In other aspects, a light source may be used to direct light into the panel to selectively change the color of the panel or opacity of the panel. For example, “tunable” LED's may be provided which emit different frequencies of light based on the current flow or voltage applied to power the LED to vary the color of the light or to produce UV light. The UV light may be used to activate photochromic substances, such as silver chloride or silver halide, embedded in or applied to the panels to cause the panel to darken or appear more opaque, as noted below, to selectively provide some privacy and/or as noted above to clean the panel.

Alternately, the panels may optionally incorporate an electrochromic system, for example, sandwiched between two clear polymer panels that darkens when an electrical current is passed through the electrochromic system (typically formed from two conductive layers (such as conducting oxide layer), which straddle a sandwich of an electrochromic layer (such as tungsten oxide), an ion conductor, and an ion storage layer) to transform the panel from a transparent panel to a translucent or opaque panel. When energized (for example, by the bed based control system), the electrochromic system can provide privacy to the patient or provide a surface onto which images may be projected, such as images for entertainment or for viewing a caregiver or doctor or family member remote from the patient support, which can be projected onto the panel by a projector mounted in the opposed side rail or headboard or footboard.

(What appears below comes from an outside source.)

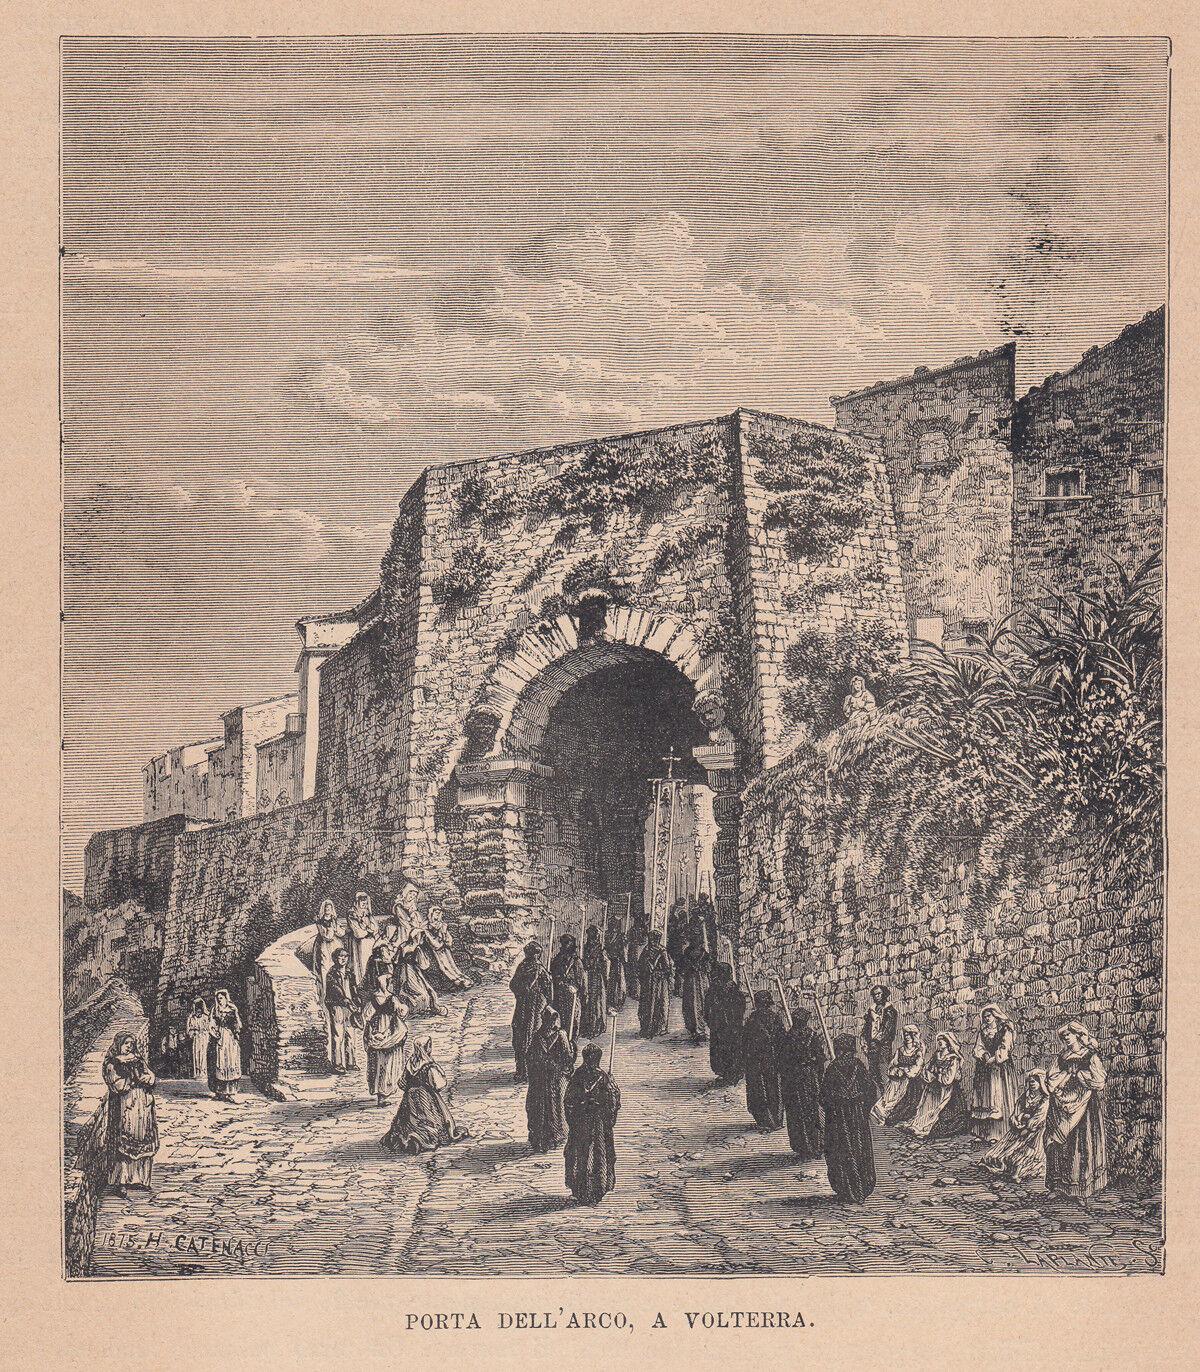 Arco Per Porta dettagli su porta dell'arco a volterra, xilografia, 1875

The color or state (e.g. flashing or blinking) of the light may be used to provide a signal, so that the side rail body acts a signaling device. In one form, a color may indicate that the bed is in a safe configuration or an unsafe configuration (such as described in copending U.S. application Ser. No. 11/557,349, filed on Nov. 7, 2006, entitled PATIENT HANDLING DEVICE INCLUDING LOCAL STATUS INDICATION, ONE-TOUCH FOWLER ANGLE ADJUSTMENT, AND POWER-ON ALARM CONFIGURATION, which is incorporated by reference in its entirety and which is commonly owned by Stryker Corporation of Kalamazoo, Mich.). And, a second color may indicate that the bed is in an unsafe configuration or a safe configuration. In this manner, a caregiver can immediately confirm whether there is or is not an alert condition at the bed by simply looking into the room where the bed is located.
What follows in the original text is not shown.